As the Clippers lost their sixth of eight (98-90 to the Wizards) it became quite apparent why Blake Griffin and Chris Paul are kind of vital to this team. It was a one-point game at the midway point of the fourth quarter and Jamal Crawford had been cooking (28 points), but the Wizards would go on an 11-0 run brought about by Clipper mistakes that likely never happen if Paul and Griffin are present. The first error was made when Grant Hill threw a terrible entry pass, which was stolen, resulting in Washington free throws. When Nene missed the second of two, he was able to get his own rebound and pass it off to Trevor Ariza for a three-pointer. Next, the Clippers made yet another poor entry pass and the Wizards secured yet another offensive rebound, leading to a two-point score by Garrett Temple. A third Clipper turnover and back-to-back John Wall buckets (one of which was a jumper!) completed the run and essentially put the game out of reach. While I give the Wizards all due credit for pulling this one out, I have a feeling the Clippers wouldn’t have experienced such incredible struggles in completing basic passes and securing free-throw rebounds had Paul and Griffin been on the court. Please, guys, get well soon. This team is not the same right now and League Pass is worse for it.
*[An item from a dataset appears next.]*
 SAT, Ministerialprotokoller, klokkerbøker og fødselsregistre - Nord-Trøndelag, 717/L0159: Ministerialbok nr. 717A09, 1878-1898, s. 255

Eric Bledsoe, though. Look at this freaking block:
Though one of the referees halfheartedly blew his whistle out of sheer bewilderment, the play was eventually (and correctly) ruled a blocked shot and the ball was awarded to the Clippers. This, my friends, just might be the block of the year. Bledsoe, who is generously listed at 6’1”, now has at least one rejection in eight straight games. He also averages more blocks than Blake Griffin.
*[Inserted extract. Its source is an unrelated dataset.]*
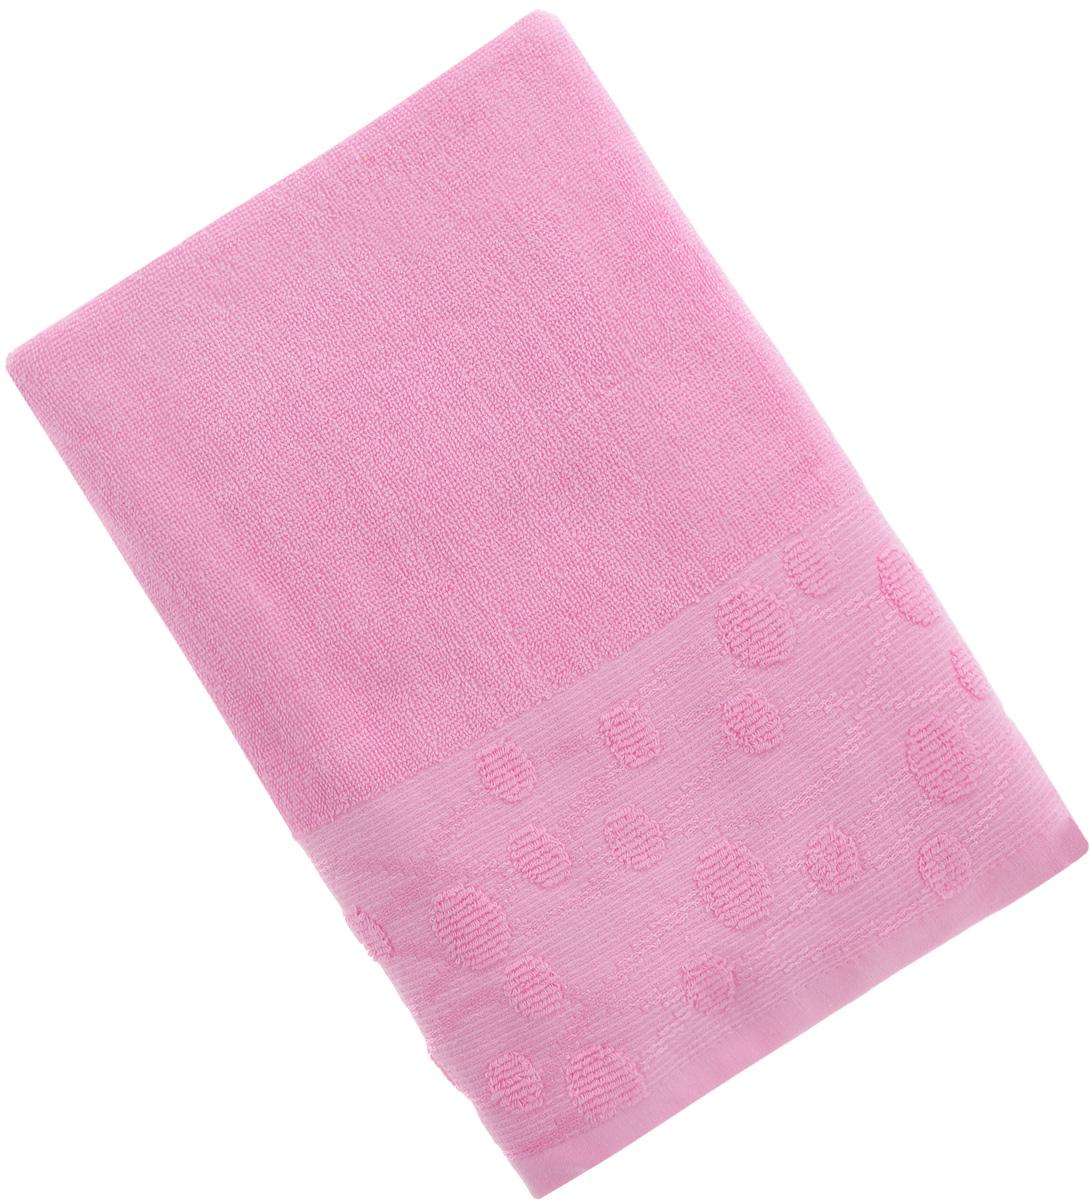 Полотенце Arya Punto, цвет: розовый, 70 х 140 смF0003448_розовыйПолотенце Arya Punto выполнено из 100% хлопка. Изделие отлично впитывает влагу, быстро сохнет, сохраняет яркость цвета и не теряет форму даже после многократных стирок. Такое полотенце очень практично и неприхотливо в уходе. Оно создаст прекрасное настроение и украсит интерьер в ванной комнате.

One of the craziest comebacks of the season nearly went down in a game involving — guess who — the Porland Trail Blazers! However, it was actually the Blazers’ opponent, the Minnesota Timberwolves, who came within a point of rallying all the way back from down 19 at the start of the fourth quarter. In that fourth quarter the Blazers turned the ball over seven times, which actually wasn’t the difference as they coughed it up 28 times in the game. The difference was Dante Cunningham, who scored 17 of the Wolves’ 40 points in the period. Cunningham (23 points) and Ricky Rubio (15/14) really had the ESPN going on as they teamed up for four scores on consecutive possessions over a two-minute span. Ultimately, though, the Wolves fell two points short in a 100-98 loss. Cunningham had a decent look to tie the game on a mid-range jumper but shot an airball, which is kind of weird considering that he’d just made four of them in a row.
Ricky Rubio had a couple of pretty bad moments, but overall this was probably his best game since returning from the ACL injury. Fifteen points and 14 assists are both season highs, he was one of the two catalysts in the near comeback, and he was effective in shooting the ball from outside the paint (3-5). Rubio’s shooting, which has been atrocious on the season (31%), has actually improved quite significantly over the past week or so. In his last five games he’s gone 19-41 from the floor, which cranks out to a relatively-blazing-hot 46.3%. Though he still misses some uncontested layups and the vast majority of his three-pointers, he has looked marginally more comfortable finishing on the inside and launching from the outside lately.
All of the other games were either decided by 10+ points or involved the Kings, so… I think I’ll just leave it at that. Before I move on to the box score observations, though, here are your nominees for the Chuck Hayes Excellence In Free-Throwing Award:
First contestant: LaMarcus Aldridge, 80%: Goes 0-2 with six seconds left in a two-point game. A pair of complete bricks. Didn’t cost the Blazers, however, as they hung on to win.
Second contestant: JR “Swish” Smith, 79%: Airmails the first of two, leaving the bench in stitches and Mike Woodson completely befuddled. Somehow, he did manage to get it together and make the second.
Third contestant: Emeka Okafor, 57.3%: Airballs the second of two after bricking the first. Barely grazed the net.
As the judge of this competition, allow me to break it down: Emeka Okafor is out because he shoots like **** and can be expected to fire an airball from time to time (hell, he once shot consecutive airballs). As for LaMarcus Aldridge, he choked hard under the pressure. He could feel the T-Wolves breathing down his neck, but he was also the only contestant who hit the rim twice in a row (he actually bricked the second one so hard the Blazers very nearly got the rebound). JR Smith, though… what was up with his shot? He’s a 79% shooter, there was no pressure, and he’s a perimeter player. I’m not sure I’ve ever seen a shooting guard airball a free throw, so I’ve got to go with JR “Swish” here, even though he made one of two. Just look at the expression on Coach Woody’s face; his complete and utter dumbfoundedness really says it all.
Box Score Observations, Tyson Chandler Edition: In ripping down precisely 20 rebounds against the Detroit Pistons, Tyson Chandler became the first New York Knickerbocker since Willis Reed to grab 20 or more boards in three consecutive games. Coincidentally, DeAndre Jordan corralled 22 rebounds of his own in the Clippers’ loss to the Wizards on Monday. Who’s next on the Knickerbocker’s schedule, you wonder? Ah yes, the Wizards!
Box Score Observations, Everyone Else Edition: The Sixers, who’ve won three in a row, beat the Magic, who’ve lost ten in a row, 78-61. As Orlando failed to shoot even 34% from the floor, Spencer Hawes got busy to the tune of 21 points and 14 rebounds. Reigning Eastern Conference Player of the Week Nate Robinson put up 19/5/9 against the Pacers, but that wasn’t enough to earn the Bulls a victory. Indiana somehow managed to score 111 points, beating the Bulls by 10. The 111 points are the most scored by the Pacers in a non-overtime game this season. Serge Ibaka made his ninth three-pointer of the season as OKC beat Dallas by 21. The Jazz defeated the Kings 98-91 in overtime after a variety of John Salmons hero-ball fails (1-9).